Aristone Realty Capital, LLC v 9 E. 16th St. LLC
Decided on April 12, 2012
Published by New York State Law Reporting Bureau pursuant to Judiciary Law § 431.
This opinion is uncorrected and subject to revision before publication in the Official Reports.
Mazzarelli, J.P., Catterson, DeGrasse, Manzanet-Daniels, Roman, JJ.
Order, Supreme Court, New York County (Charles E. Ramos, J.), entered December 6, 2011, which denied the motion of defendants 9 E. 16th Street LLC, Regal Real Estate, LLC d/b/a Regal Investments Inc., Maurice Laboz and William Punch for, inter alia, summary judgment dismissing plaintiff's claim for specific performance, unanimously affirmed, with costs.

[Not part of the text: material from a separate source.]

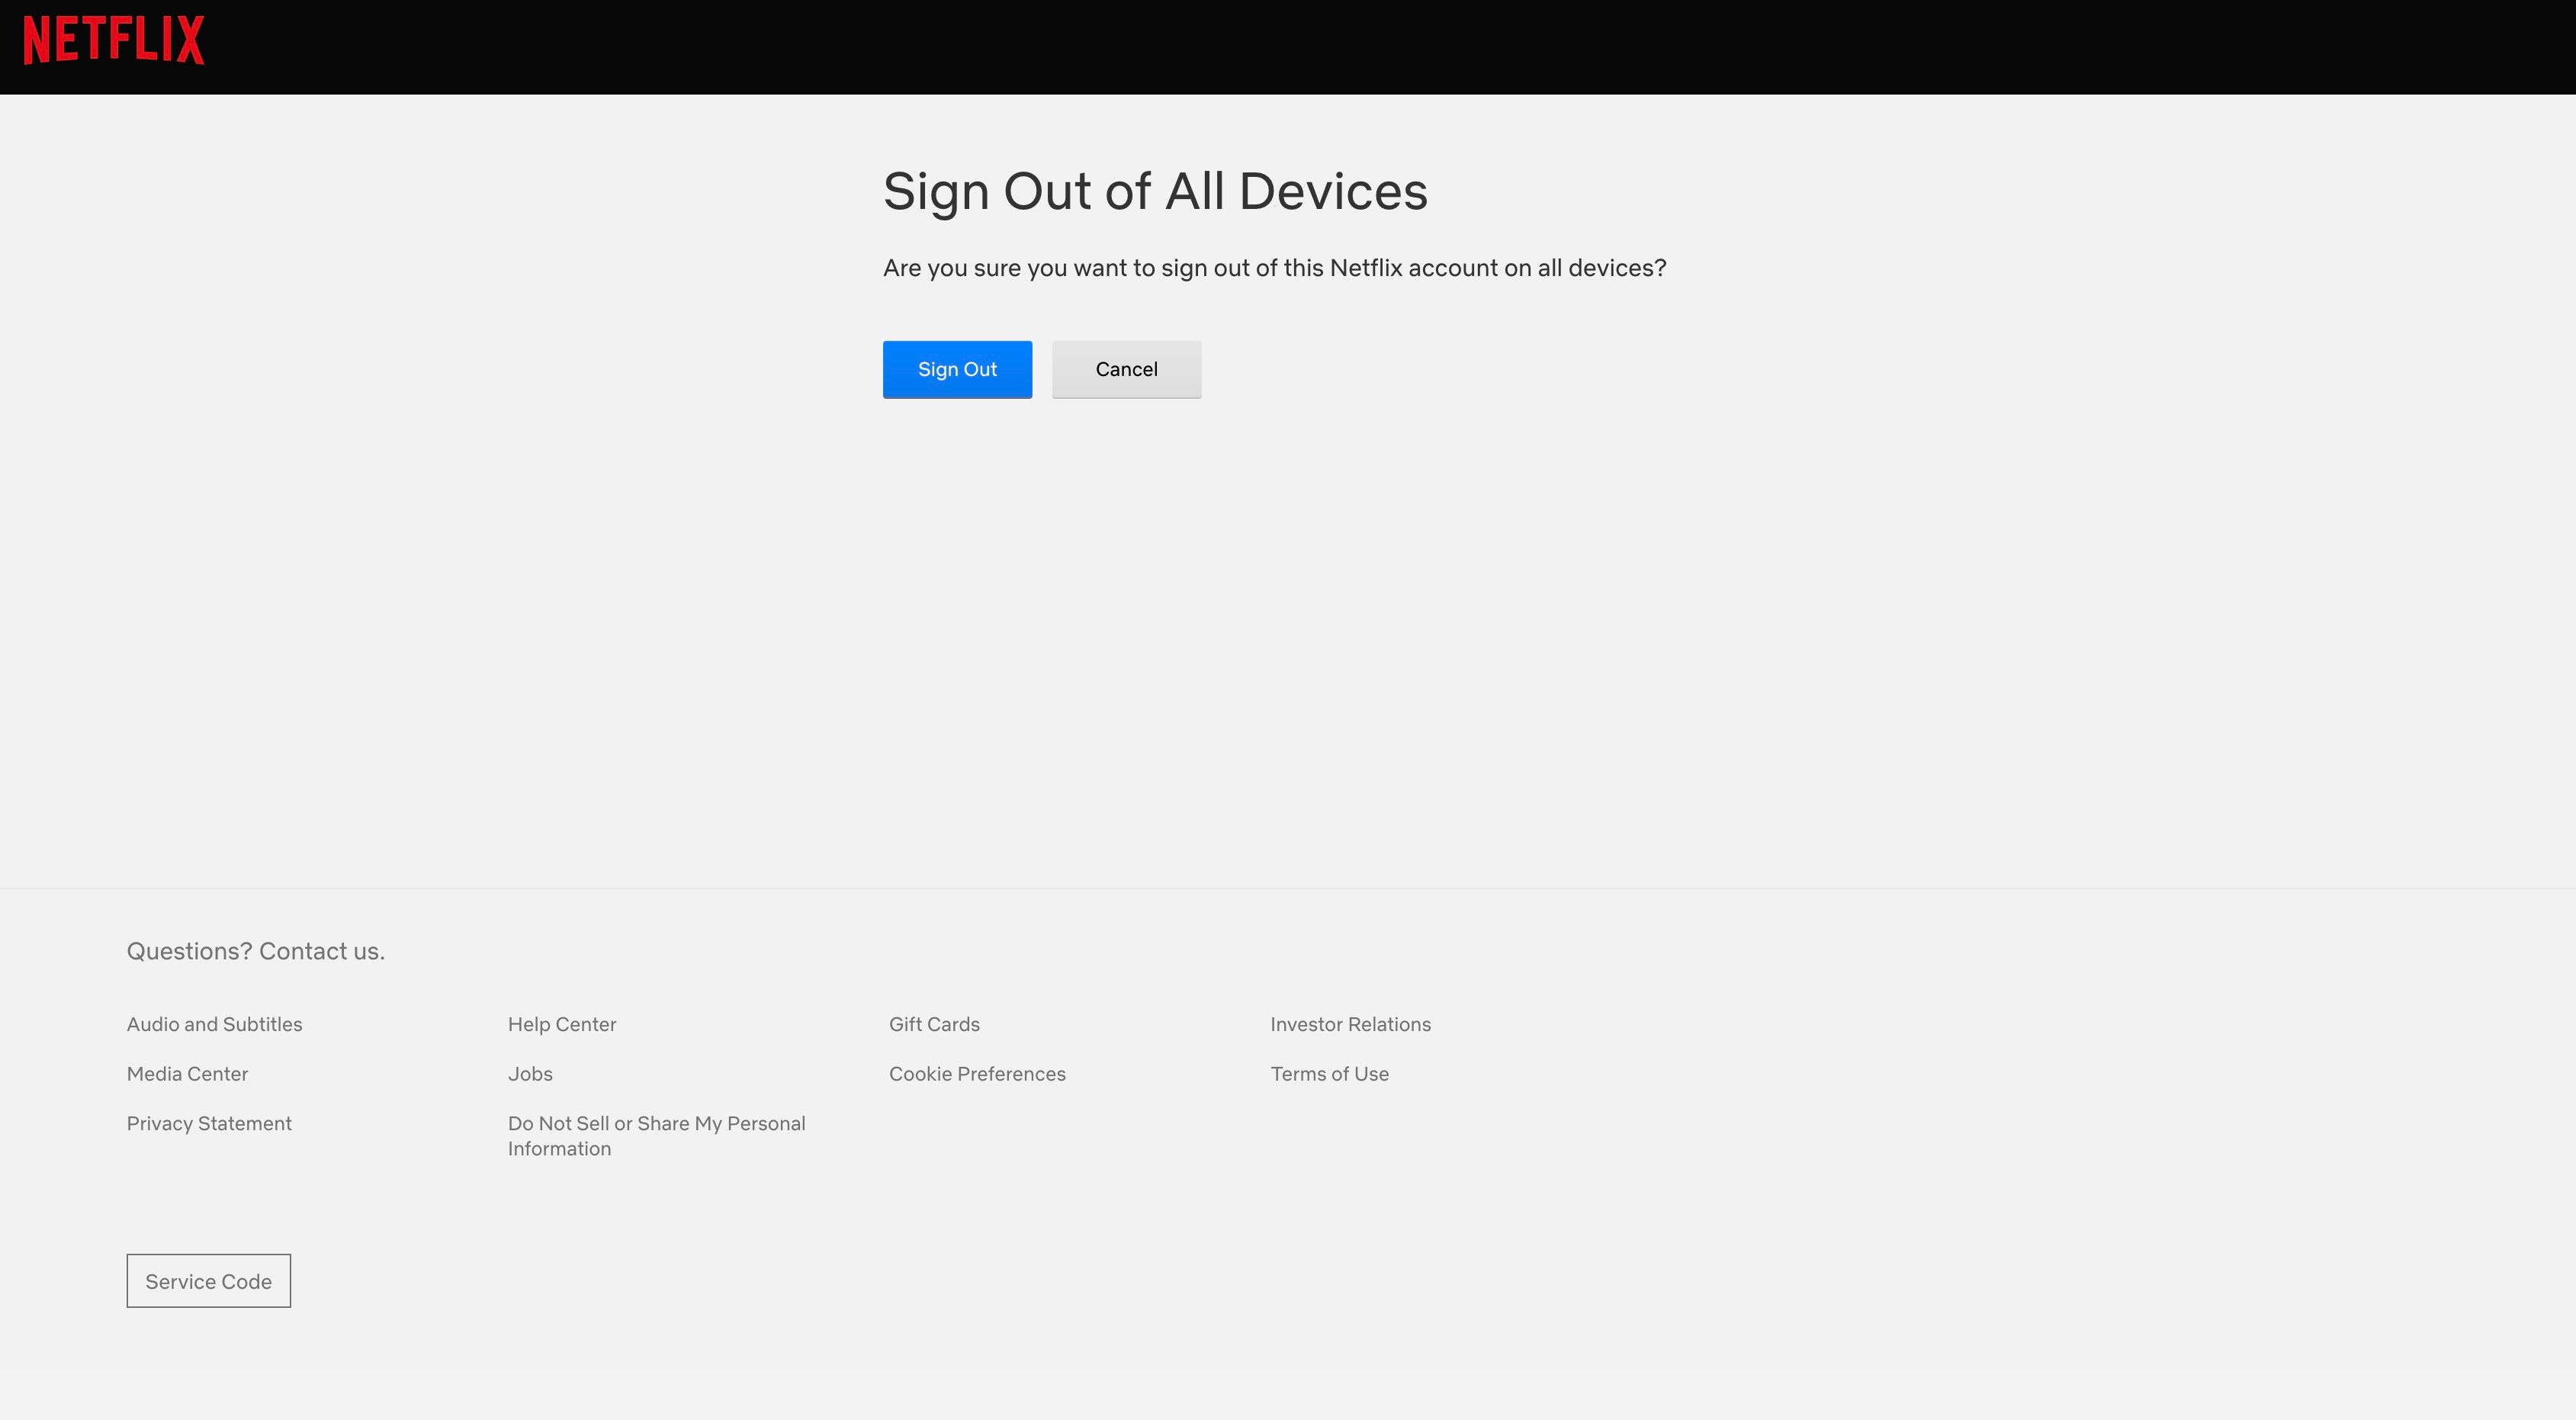 Netflix Sign out of all devices page with sign out or cancel button
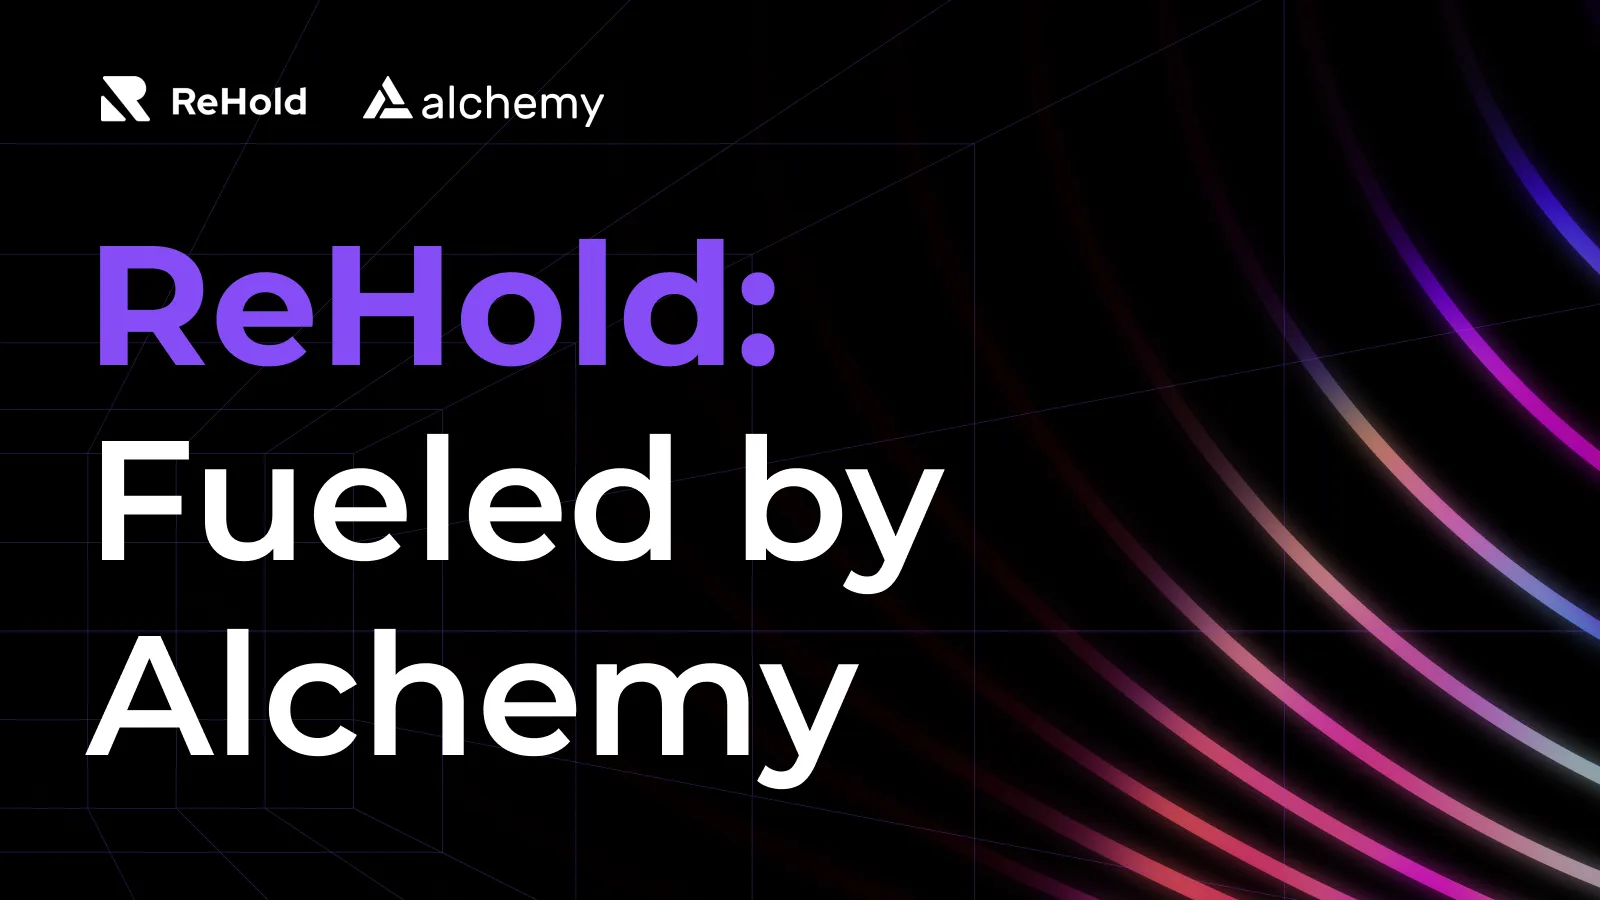 ReHold & Alchemy: From Grant to Amplify Partnership

In this action arising out of a failed real estate transaction, purchaser and seller met with their counsel and allegedly agreed upon the terms and conditions of the sale. Thereafter, the attorneys exchanged e-mail communications, culminating in seller's counsel's transmittal of an "execution version" of the contract that allegedly contained the previously agreed upon terms and provided the purchaser with wiring instructions for payment of the deposit. Unlike an earlier e-mail that transmitted a "proposed contract" subject to his client's "review and modification," the latter e-mail was not so qualified. In response to the offer e-mail, purchaser's counsel exchanged a signature page executed by his client and purchaser tendered payment of the deposit. Under these circumstances, triable issues of fact exist as to the viability of plaintiff's claim for specific performance, despite the lack of a fully executed contract (see Newmark & Co. Real Estate Inc. v 2615 E. 17 St. Realty LLC, 80 AD3d 476 ; cf. Naldi v Grunberg, 80 AD3d 1, 6 , lv denied 16 NY3d 711 ).
Further, a triable issue of fact exists as to whether seller's attorney, who copied his client on the relevant e-mail communications without any protest, had apparent authority to act on seller's behalf (see Korin Group v Emar Bldg. Corp., 291 AD2d 270 ). Plaintiff's demand for, and acceptance of, a return of the deposit, in response to, inter alia, concerns about the integrity of the escrowed deposit, while allegedly reserving its right to enforce the contract and pursuing a countersigned contract, did not evidence, as a matter of law, an intent to cancel any contract formed.
THIS CONSTITUTES THE DECISION AND ORDER OF THE SUPREME COURT, APPELLATE DIVISION, FIRST DEPARTMENT.